A poche ore dall’attivazione della linea, riporta la Bbc, sono arrivate più di 1.000 telefonate e centinaia di messaggi. «Incoraggiare le persone a denunciare amici e vicini di casa è lo strumento più efficace usato dalla Cina per imporre il controllo sociale nel continente», ha denunciato l’iniziativa Maya Wang di Human Rights Watch.

L’attivista Joshua Wong, invece, ha commentato: «Vogliono portare a Hong Kong la Rivoluzione culturale. Questa linea telefonica è una minaccia per espatriati e investitori stranieri. Le tue conversazioni private, i tuoi messaggi sui social media, quello che dici a scuola o un incontro d’affari: tutto potrà essere denunciato».

ARRESTATA LA PRIMA GIORNALISTA

La legge sulla sicurezza nazionale ha di fatto cancellato il modello “Un paese, due sistemi” che doveva garantire ampia libertà alla città “autonoma” di Hong Kong fino al 2047. Da quando la legge è stata inserita illegalmente da Pechino nella mini Costituzione dell’isola, a luglio, sono stati arrestati giornalisti e parlamentari, studenti e attivisti, cambiati i curriculum scolastici, licenziati professori universitari, proibite manifestazioni pacifiche, rinviate le elezioni, squalificati candidati, perquisite le sedi dei quotidiani.
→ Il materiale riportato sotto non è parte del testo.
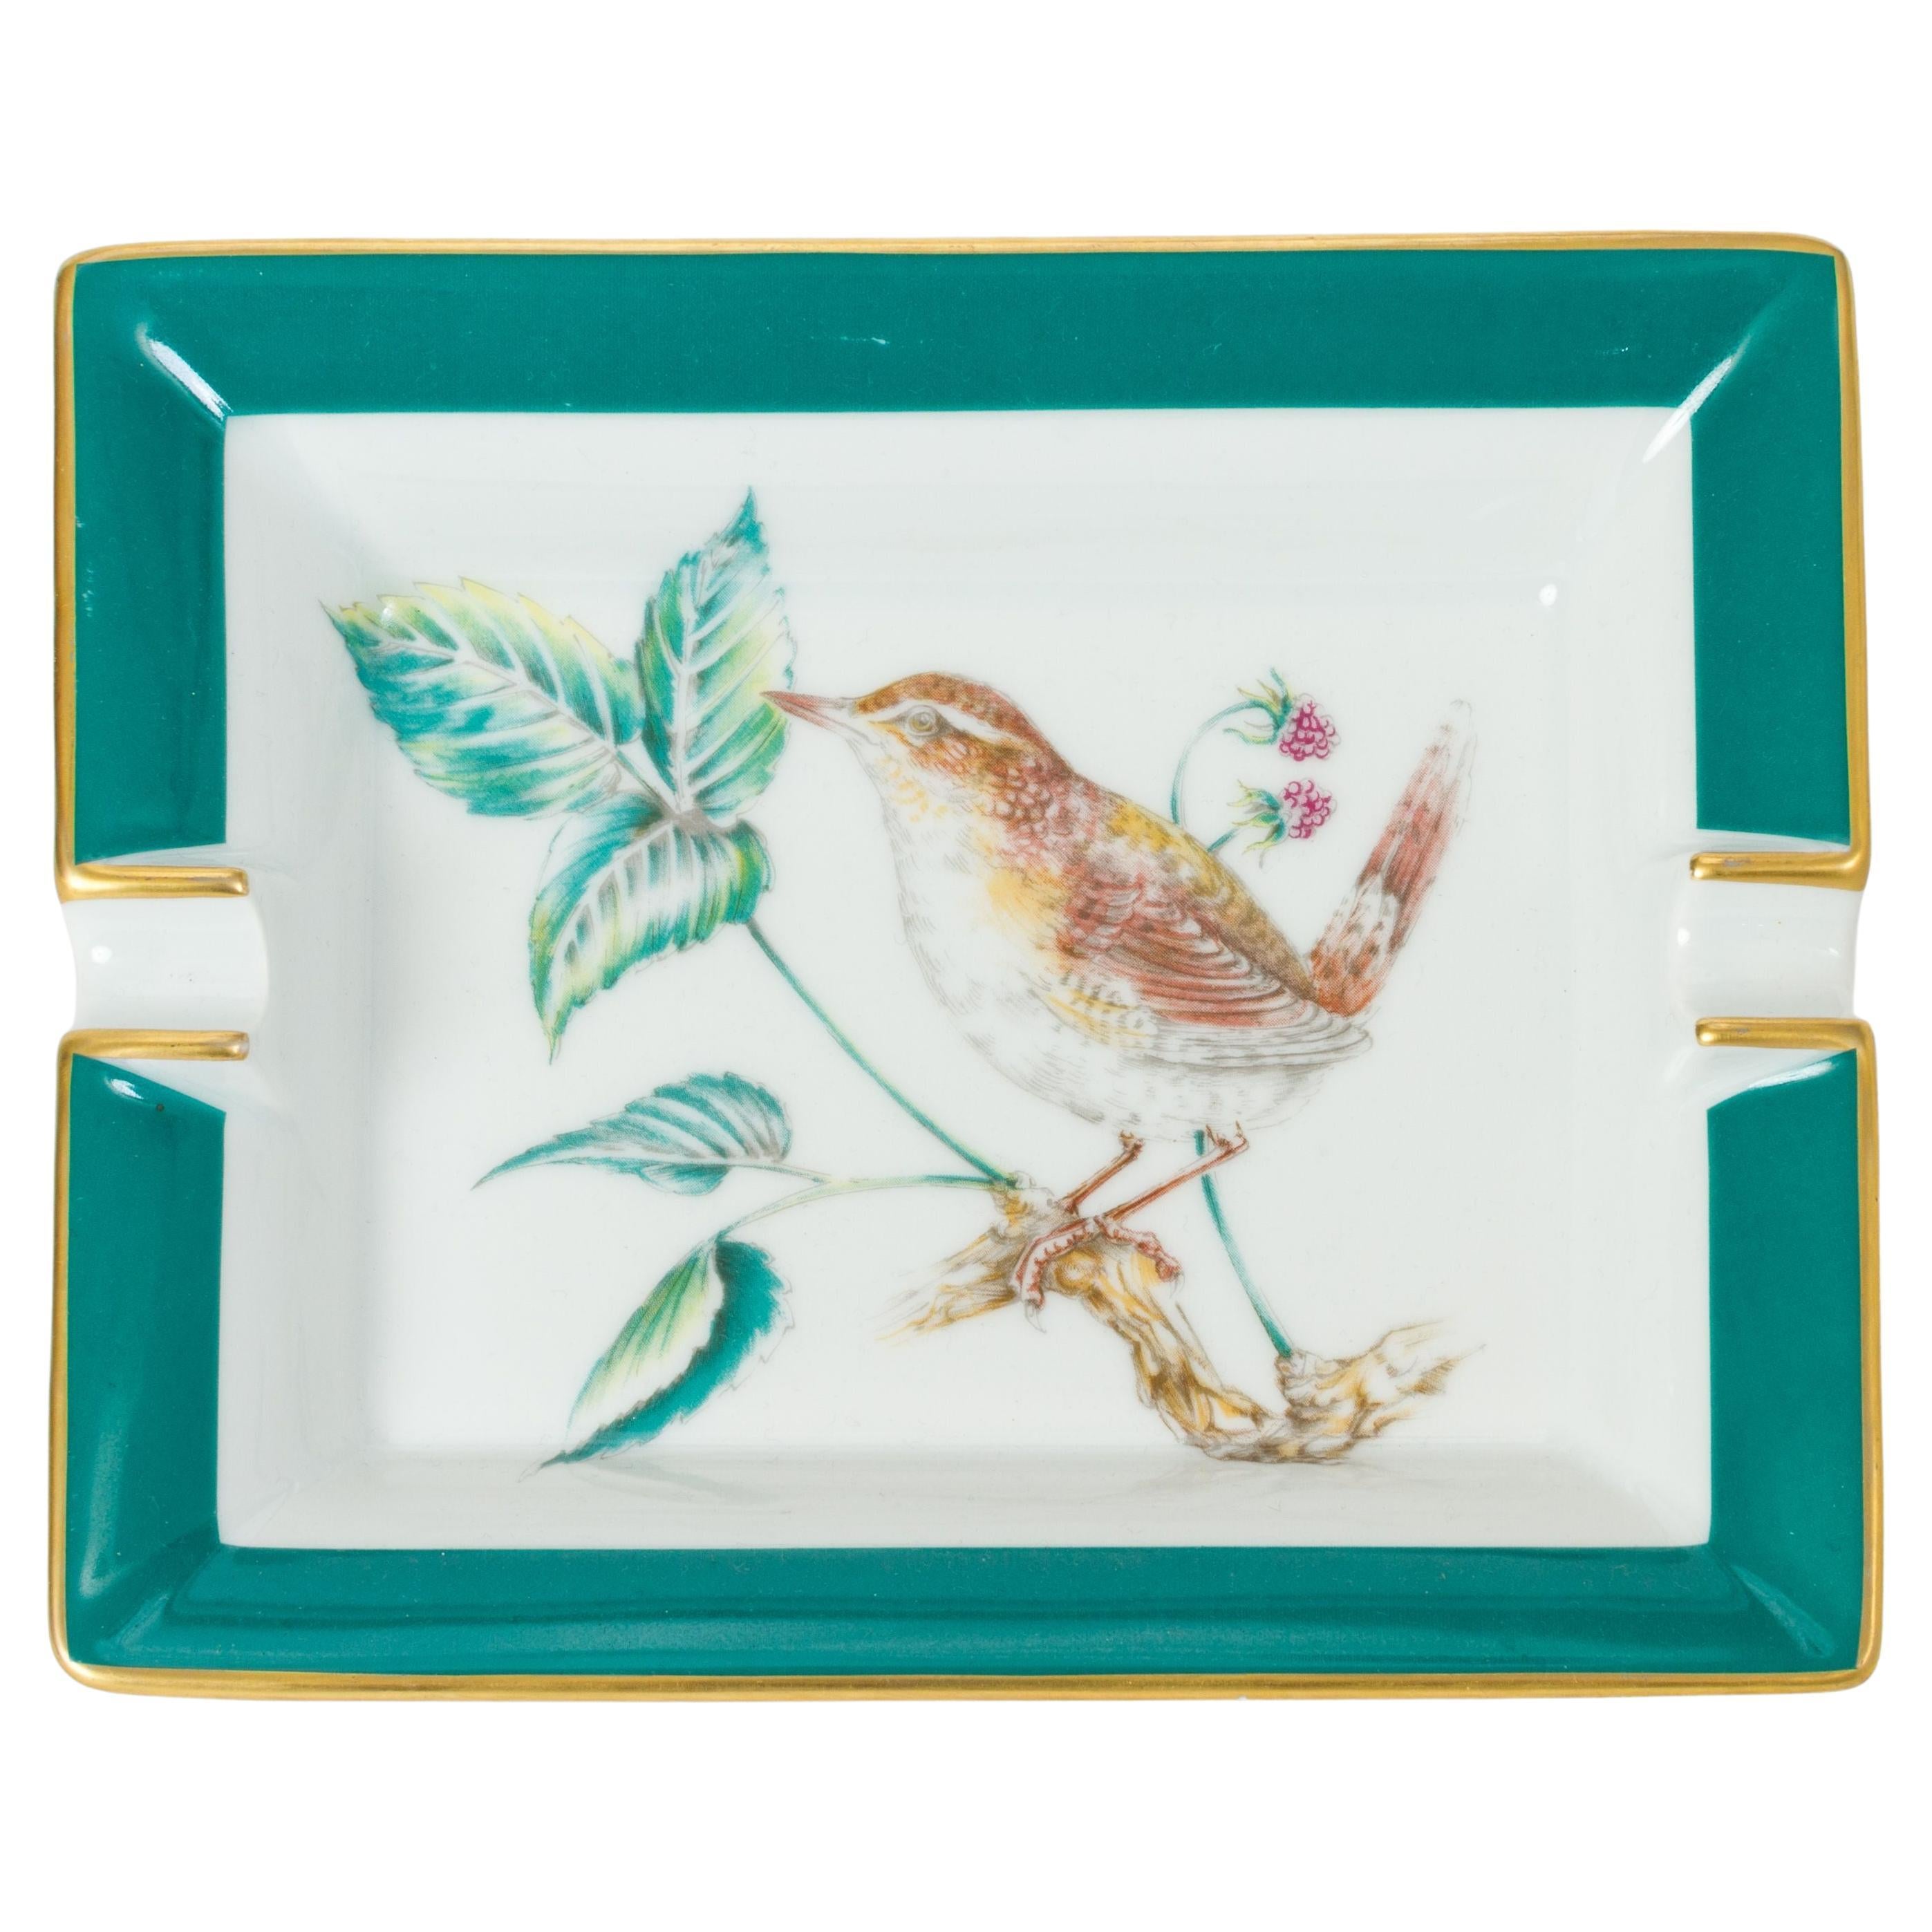 Hermès - Cendrier en porcelaine - Oiseaux verts

Questi e altri «successi» sono stati pubblicamente riconosciuti alla governatrice di Hong Kong Carrie Lam dal vicepremier cinese Han Zheng. Mentre il governo della città incassava i complimenti di Pechino, la polizia ha arrestato formalmente una giornalista per aver filmato l’arresto da parte degli agenti di due giovani nei bagni pubblici in via Sai Yee. L’accusa è di «aver intralciato le operazioni della polizia e non aver cooperato». Il sindacato dei giornalisti di Hong Kong si è detto «scioccato» dalla notizia.